Dunhuang contém uma preciosidade, os murais e estátuas budistas nas cavernas,
protegidas do desgaste dos séculos pela secura do clima, que só permite aglomerados
humanos porque das altas montanhas fluem fios d’água que inundam o subsolo. Ligando
as cidades, separadas por centenas de quilômetros umas das outras, há estradas de boa
qualidade. No meio do deserto, a linha férrea. O que foi a “Rota da Seda” dos camelos
(que ainda andam por lá), pela qual passaram Marco Pólo e Gengis Khan, continua a ser
um eixo de comunicação importante.
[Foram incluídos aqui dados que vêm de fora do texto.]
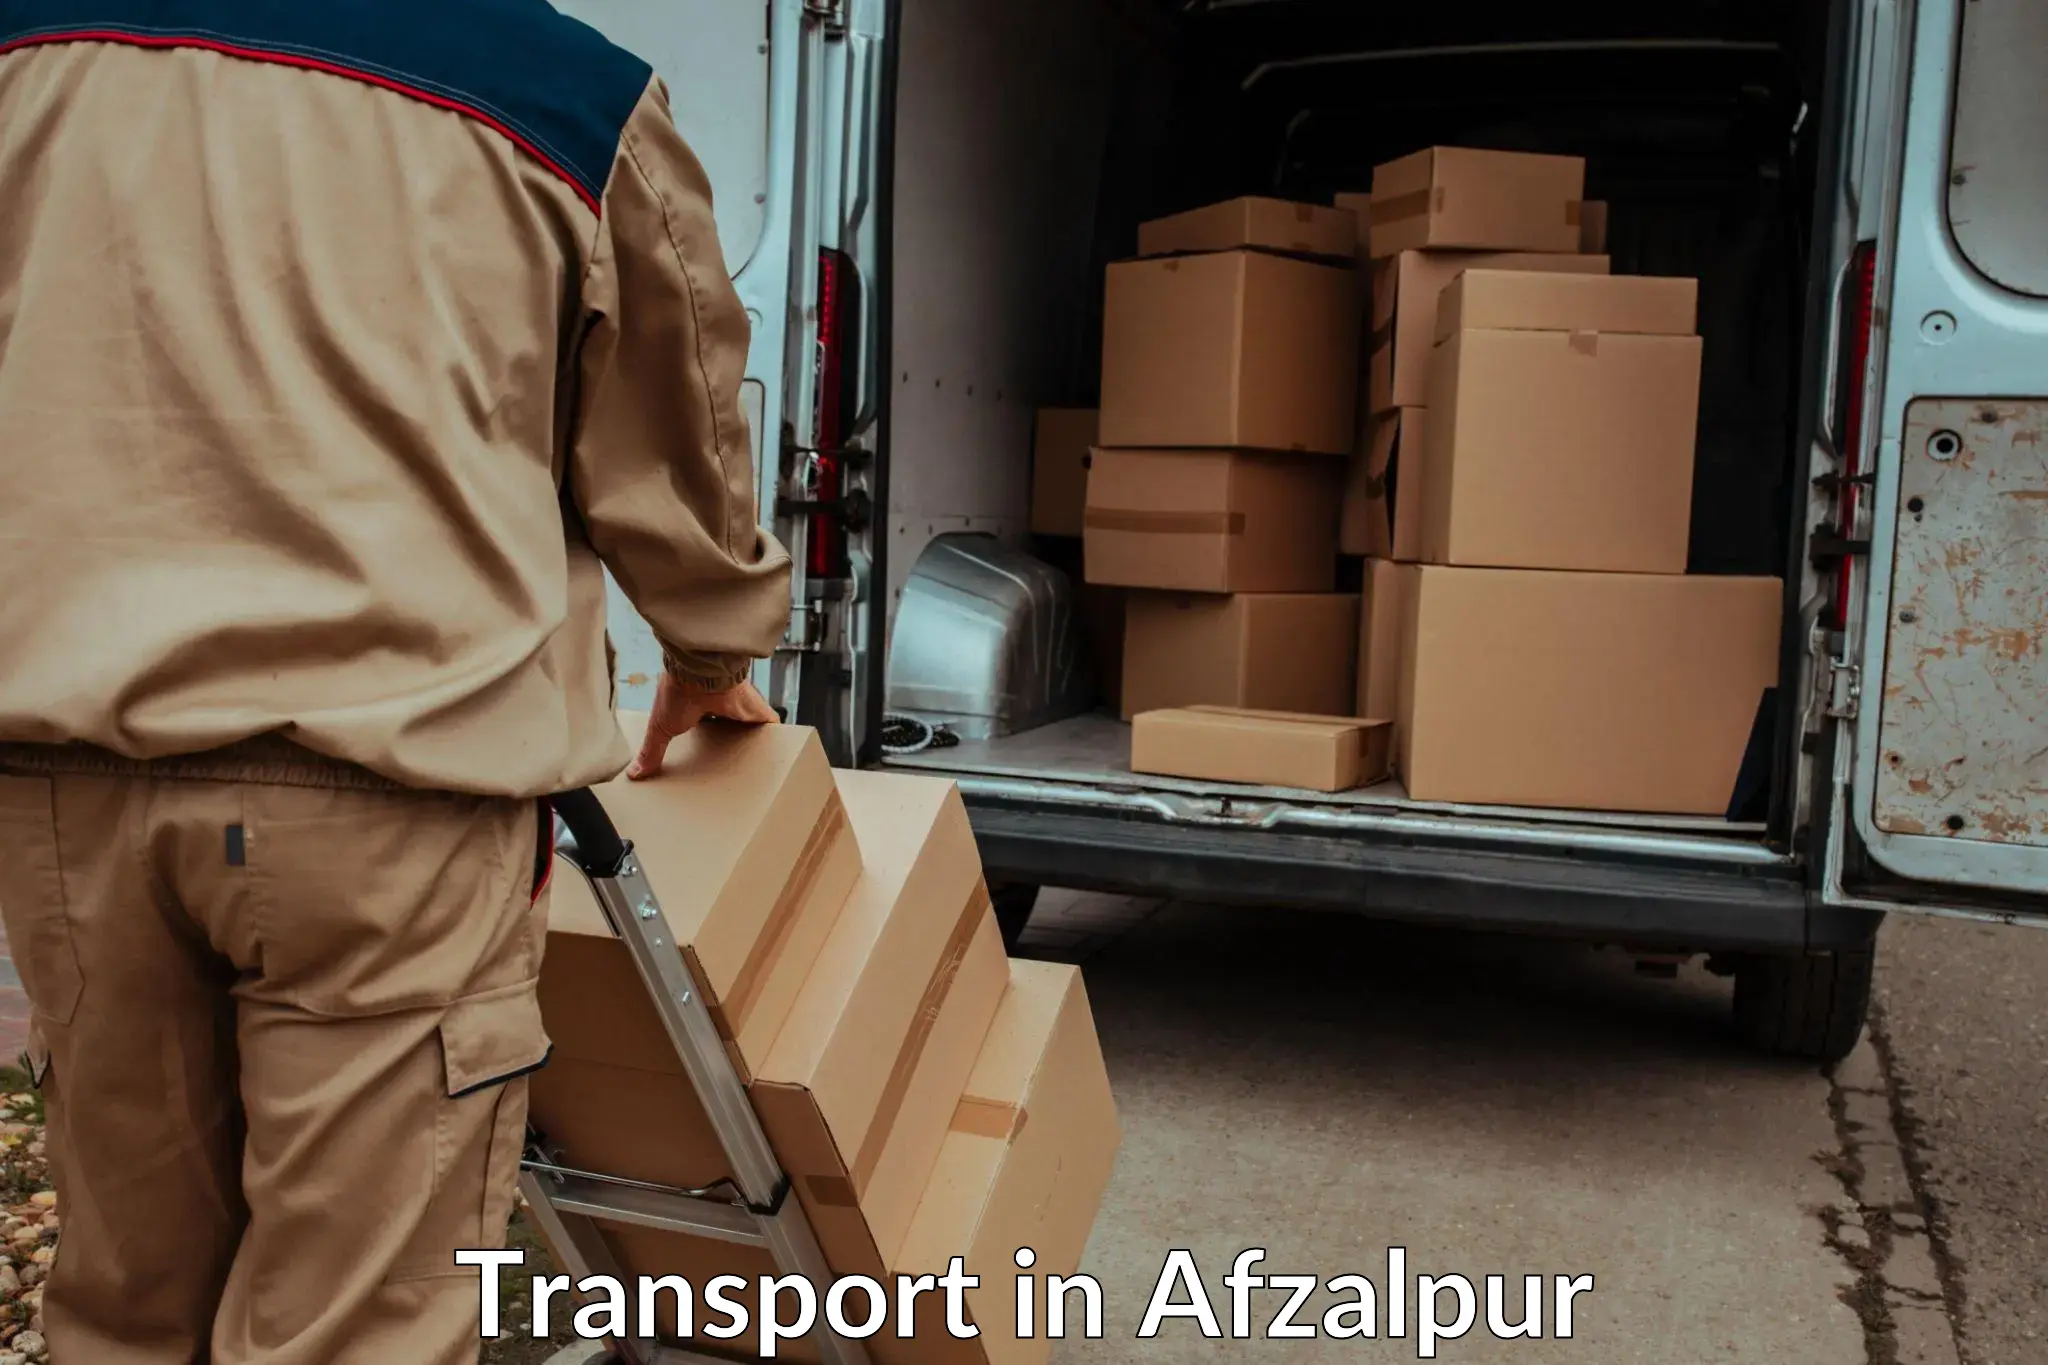 Container transport service in Afzalpur

Por ela já não passam vândalos, mas comerciantes
e turistas.
Por fim, em Xangai depois de visitarmos um templo budista, cheio de religiosos e fiéis,
caminhamos nos Li nong (ou Hutong em Beijing), antigas casinhas de vila, apertadas,
como um cortiço, separadas da rua por muros, com um portão de entrada. Nas vielas,
casas com pequeno comércio, trabalhos manuais e um comitê cívico, de onde emanam
as diretivas. Na procura dos bairros mais populares, Ruth e eu visitamos o apartamento
de uma família de mãe trabalhadora aposentada, pai empregado na distribuição de
mercadorias e filha estudante de teatro. Apartamento, eu diria de classe média baixa:
pequeno, mas bem dividido e bem mobiliado. Há milhares de conjuntos habitacionais
desse tipo.
Mesmo procurando, vi pobreza, mas não miséria, no campo ou nas cidades. Poucas
bicicletas e muitos autos. Ao lado dos mercados pobres, muitas lojas de marca famosa.
Um caleidoscópio atraente, difícil de focalizar.